Last October, GSK paid $85 million upfront to Empirico for the rights to a siRNA oligonuceleotide dubbed EMP-012 that’s already in a phase 1 study for chronic obstructive pulmonary disease.

Kaivan Khavandi, head of respiratory, immunology and inflammation R&D at GSK, said that SiranBio’s SA030 would “benefit from GSK’s extensive expertise in oligonucleotide therapeutics.” 

“Cardiometabolic disease is the leading cause of death in most patients with chronic inflammatory conditions affecting the liver, lung and kidney,” Khavandi continued. “This risk is driven by multiple factors, so novel complementary approaches are urgently needed.” 

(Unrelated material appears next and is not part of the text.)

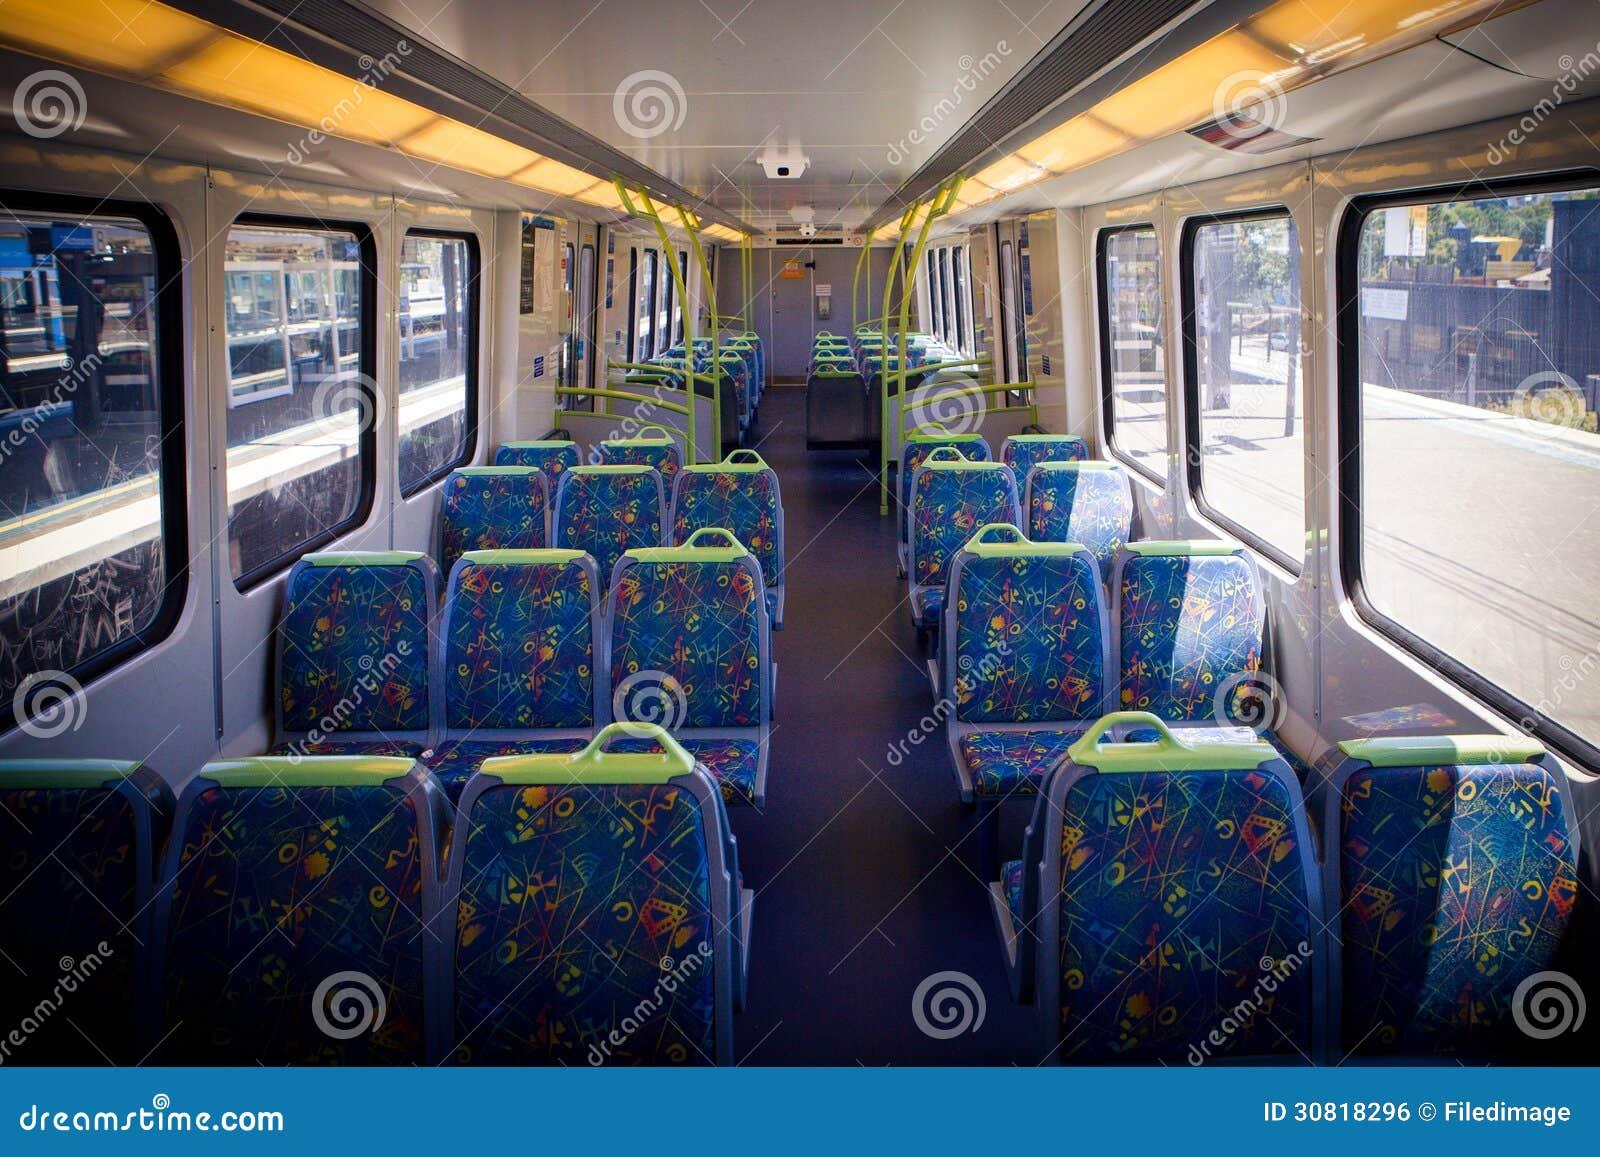 Melbourne Train Interior Royalty Free Stock Image Image
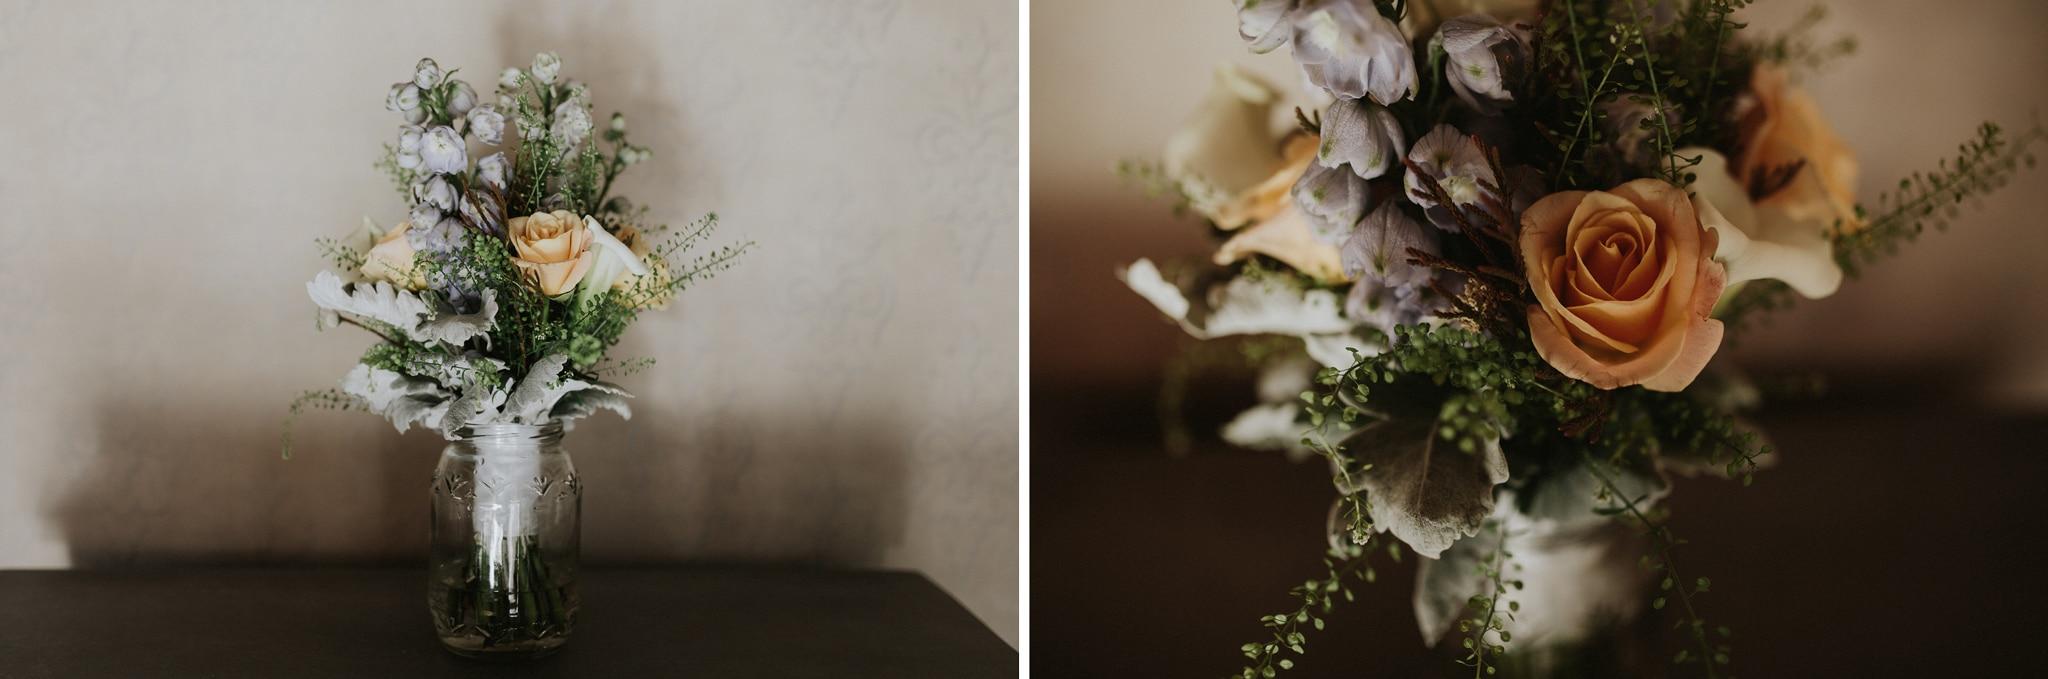 Fotografo-bodas-Cigarral-de-las-Mercedes-16

“SA030 builds on our emerging pipeline targeting inflammation, fibrosis and vascular drivers of disease, and may help improve outcomes for patients,” Khavandi added.

As an oligonucleotide, SA030 has a distinct mechanism from the current crop of GLP-adjacent drugs being developed to treat obesity. It means GSK is hoping that SA030 could also open up the possibility of combination regimens with other weight loss or diabetes treatments.

GSK has been avoiding the Big Pharma arms race to get weight loss drugs to market. Instead, the London-based drugmaker’s strategy has been focused on the cardiometabolic diseases associated with obesity. As well as the deal with Arrowhead, this has also involved paying $1.2 billion upfront a year ago for Boston Pharmaceuticals’ late-stage liver disease candidate.